Christopher Moloney – Now & Then: Famous Film Locations

Have you ever been to a historic site, maybe a battle site, squinted your eyes and wondered just what it was like – tried to imagine the players on that historic day? Or have you ever walked down a street and thought: hmm, I’ve seen this before only to realize that you had seen that particular location on TV or in a movie?

Photographer Christopher Moloney has exquisitely captured this magic for us in his photoessay, “Now & Then.” What Moloney has done is sought out the places of our cinematic dreams, armed with his camera and with black and white stills from great movies.  Once the location is found, he holds the photograph as closely as possible in alignment with the scene, which, of course, means that he is finding the original camera angle and takes the picture.  There are some tricky technical aspects to this, most significantly getting the depth of field that he needs to keep both backdrop and photograph in focus.

Artistically, the holding hand is a wonderful touch.  So is the juxtaposition of black and white photograph against colored modern backdrop.  Even someone with as limited a knowledge of movies as myself will recognize almost all of the films.
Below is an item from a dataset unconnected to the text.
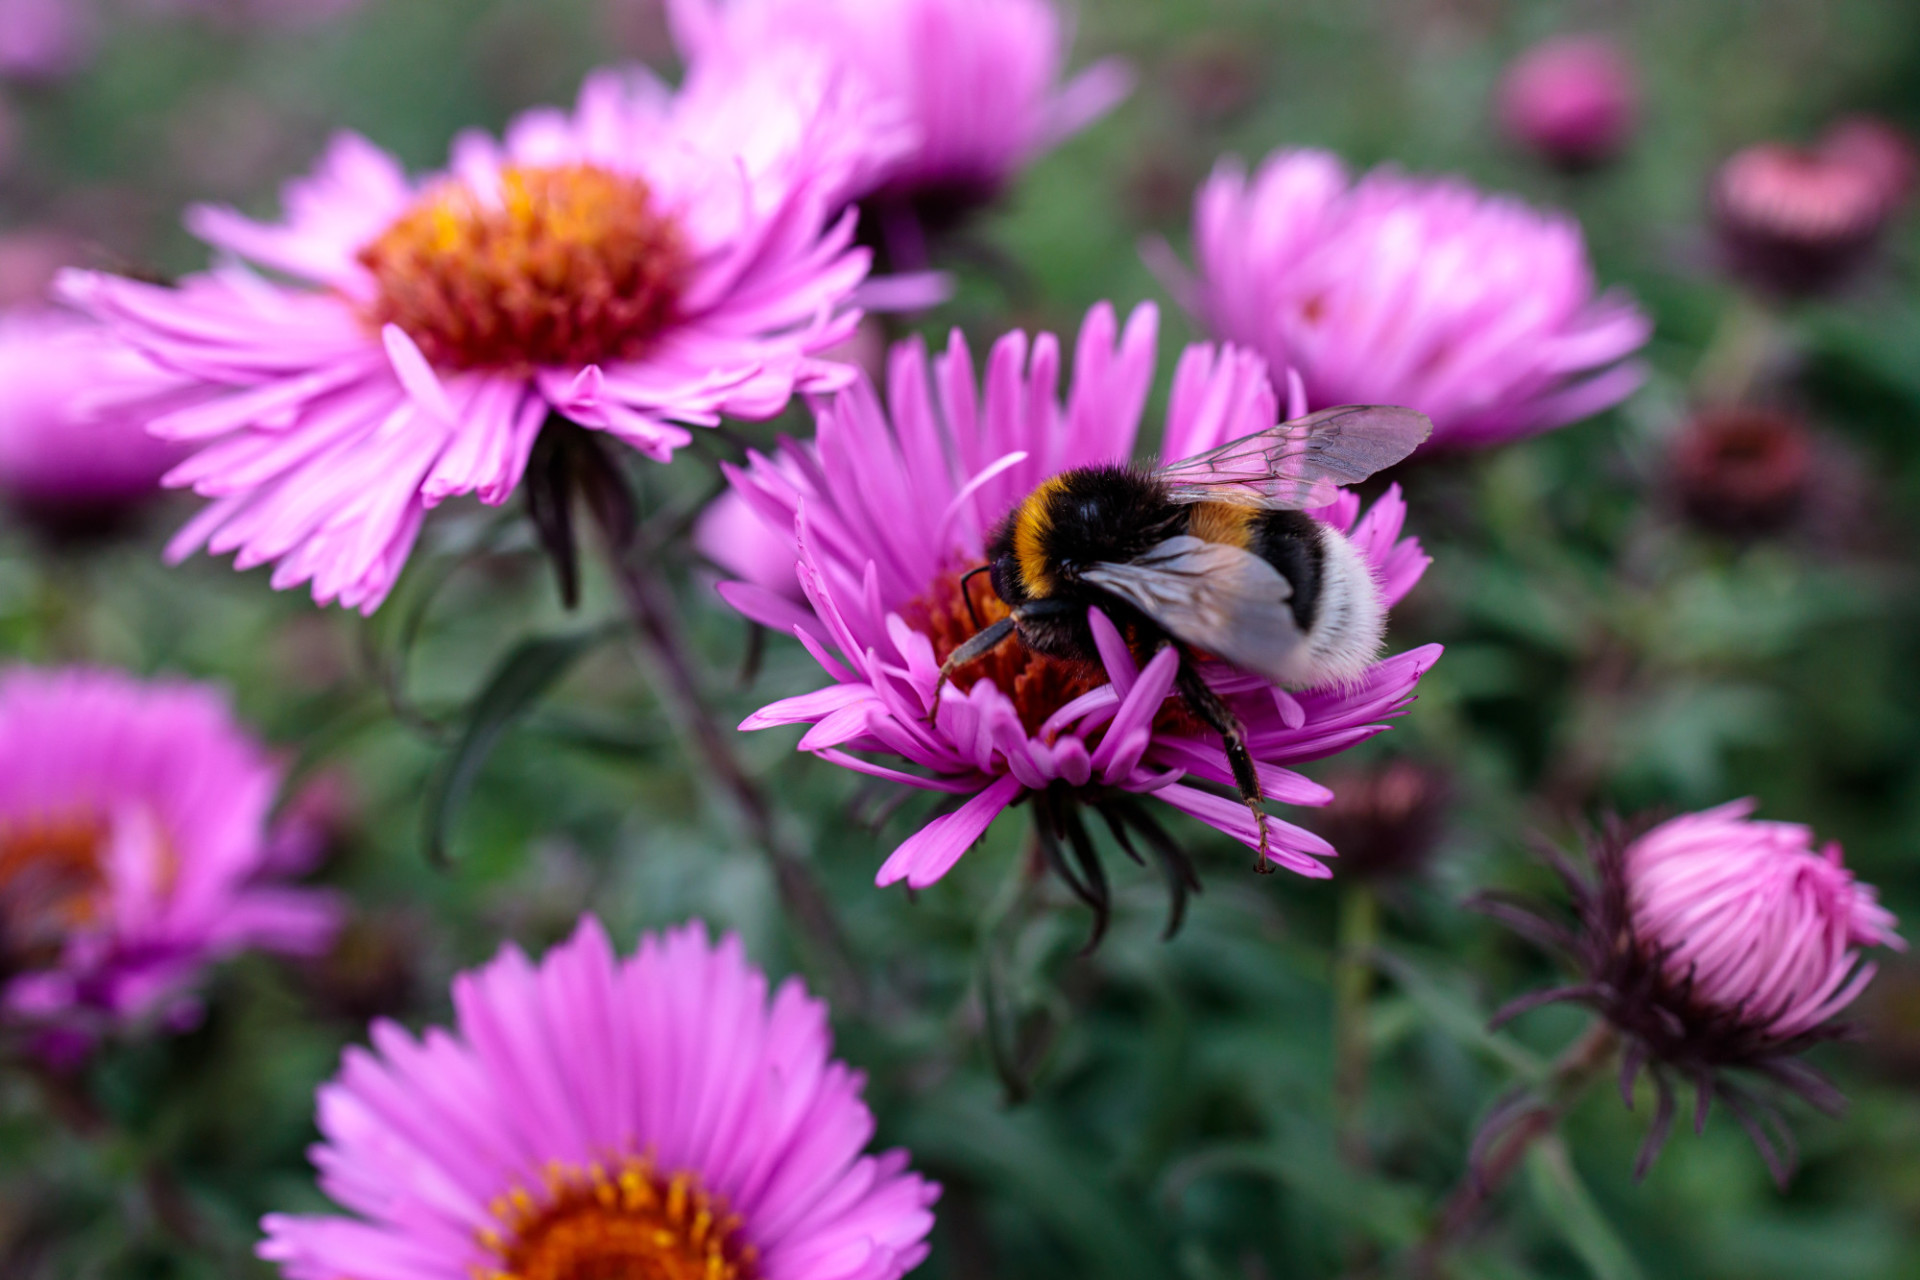 Bumblebee collecting nectar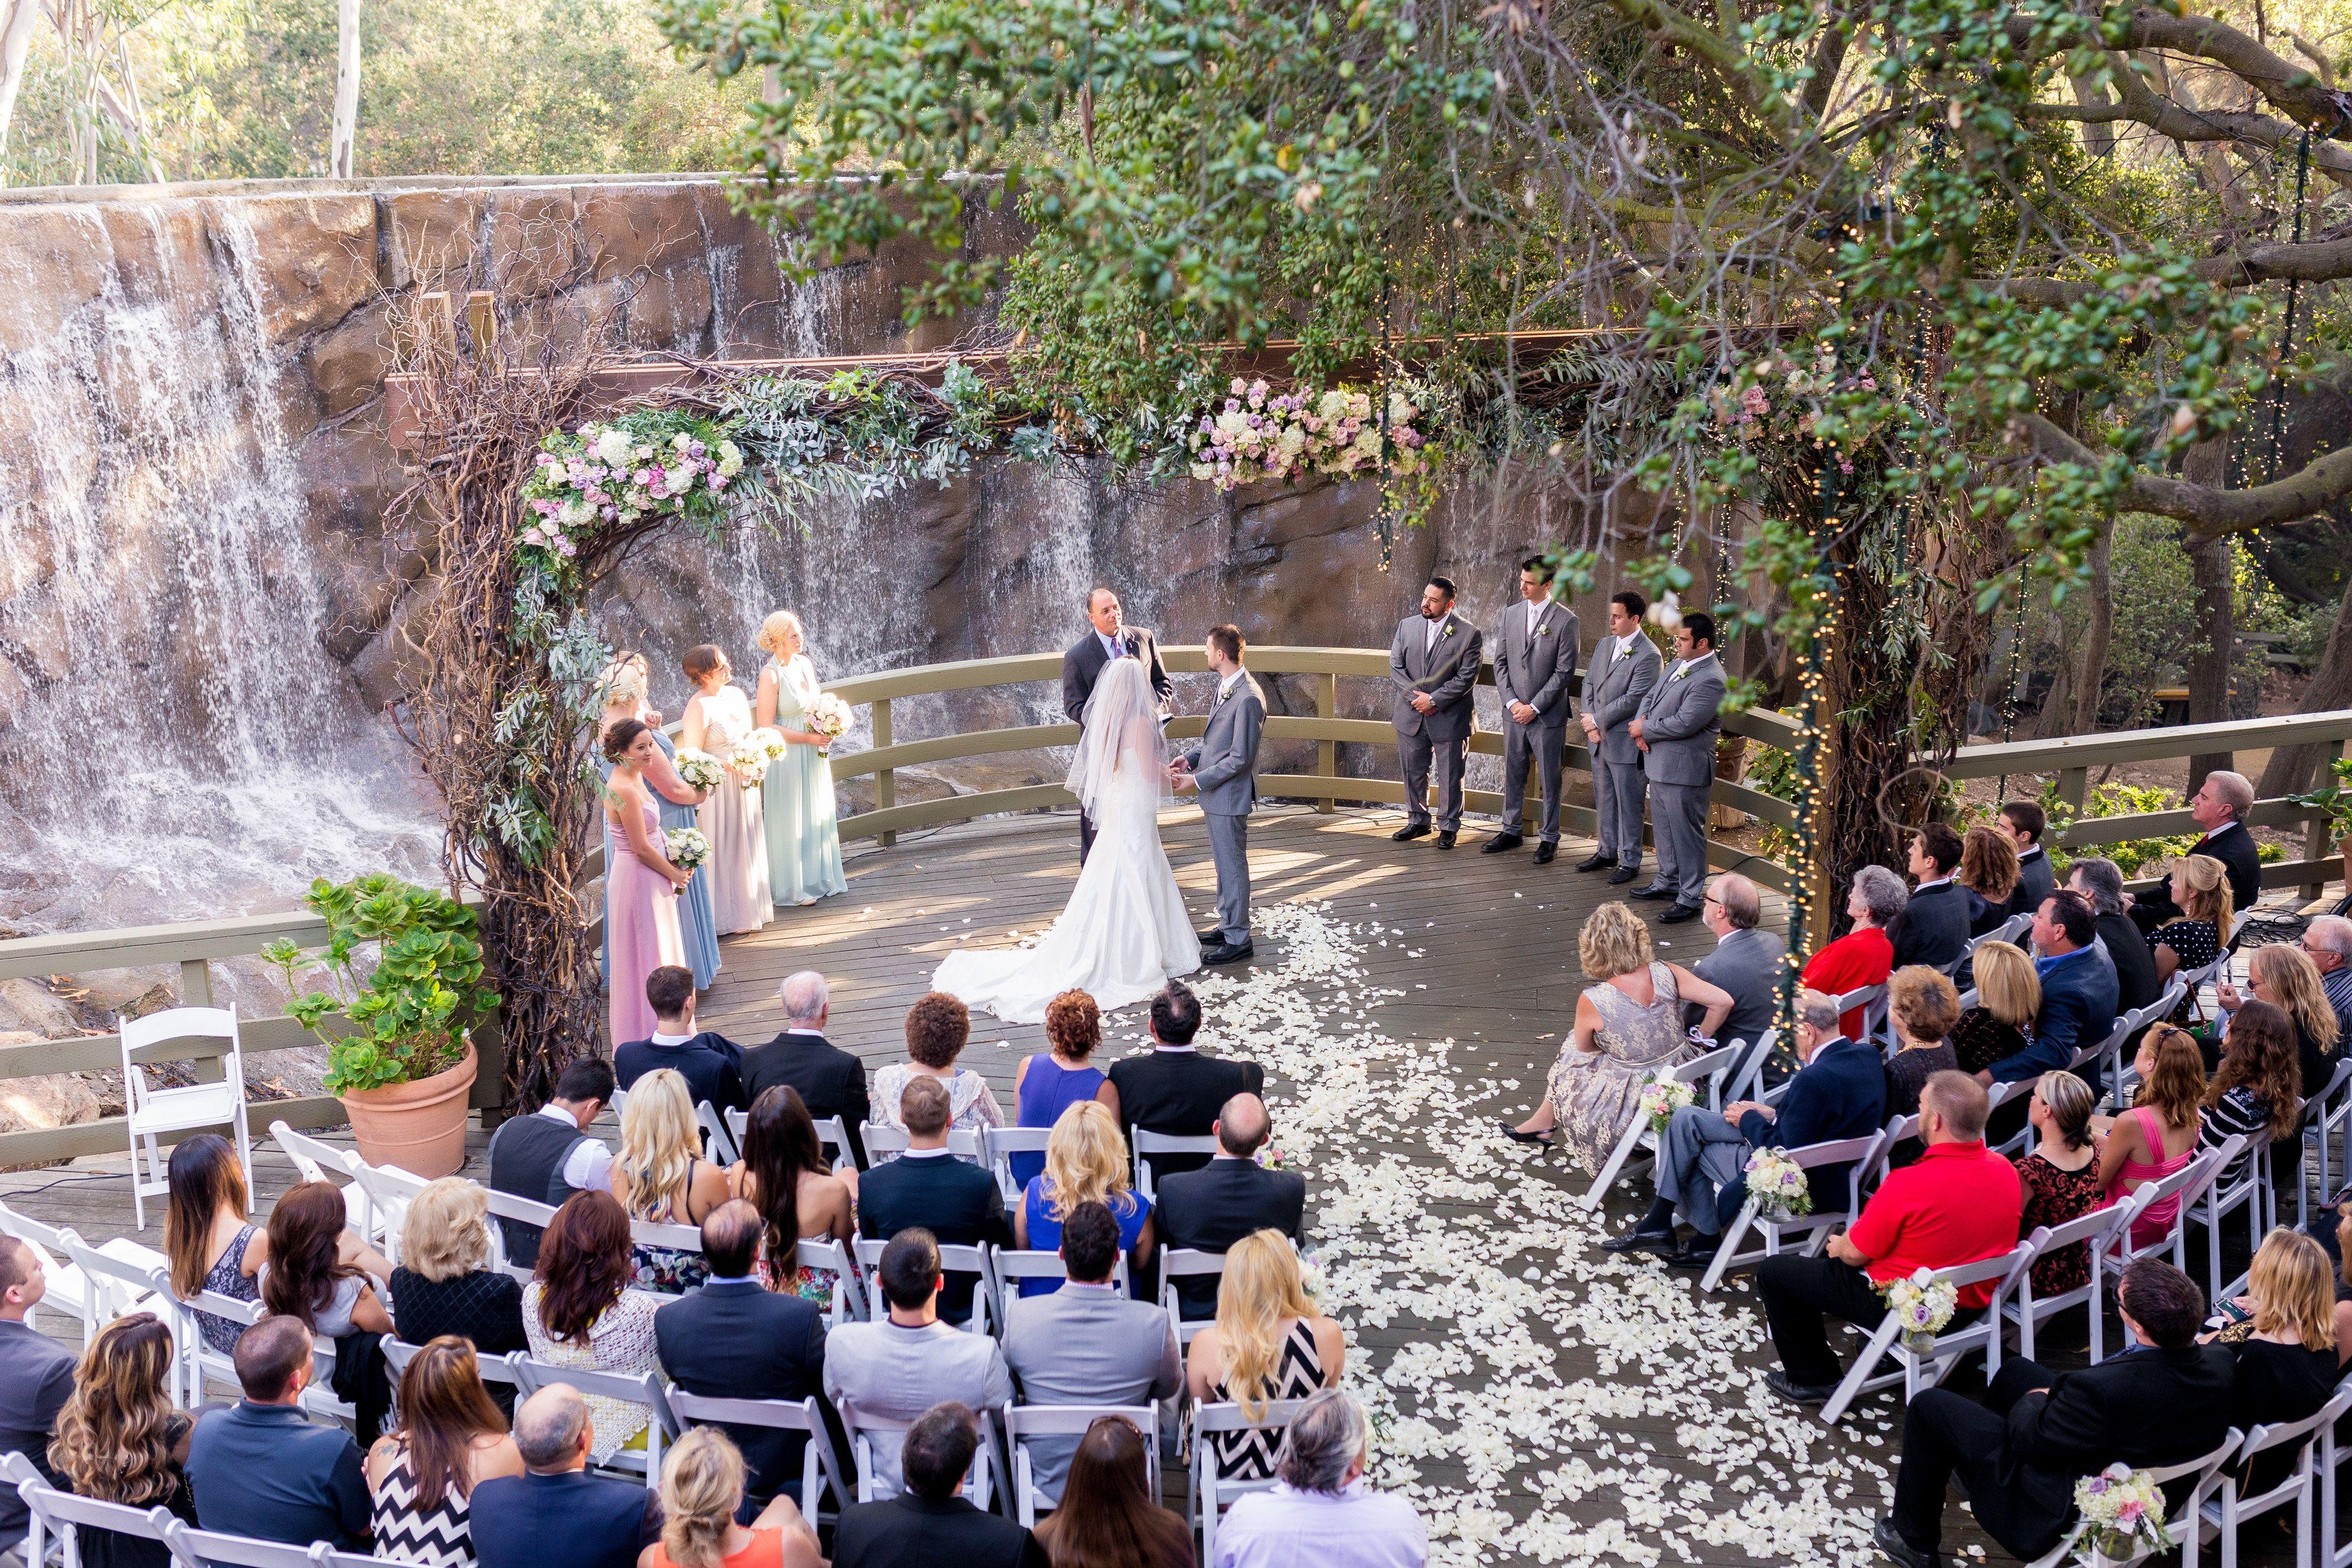 The Oak Room Wedding At Calamigos Ranch Pc Jaimedavisphoto Malibu Wedding Malibu Wedding Venues Calamigos Ranch Wedding

So many of these pictures strike home that it is difficult to choose a favorite.  Mia Farrow in “Rosemary’s Baby” (1968) at 50th Street and Sixth Avenue in New York City raises an immediate sense of terror and dread and who doesn’t love Audrey Hepburn in “Breakfast at Tiffany’s” (1961) – window-shopping at a Tiffany & Co. also in New York City.  It’s not unusual to see actor/director Woody Allen on the streets of New York City.  So encountering a younger Woody with Diane Keeton in ‘Annie Hall’ (1977) along 68th Street in New York City is only a step backwards in time. But a favorite? – well I’ll give you a hint: “Who you gonna call,”  when the ectoplasmic index of your apartment reaches Old Testament proportions and Sumerian goddesses threaten the block?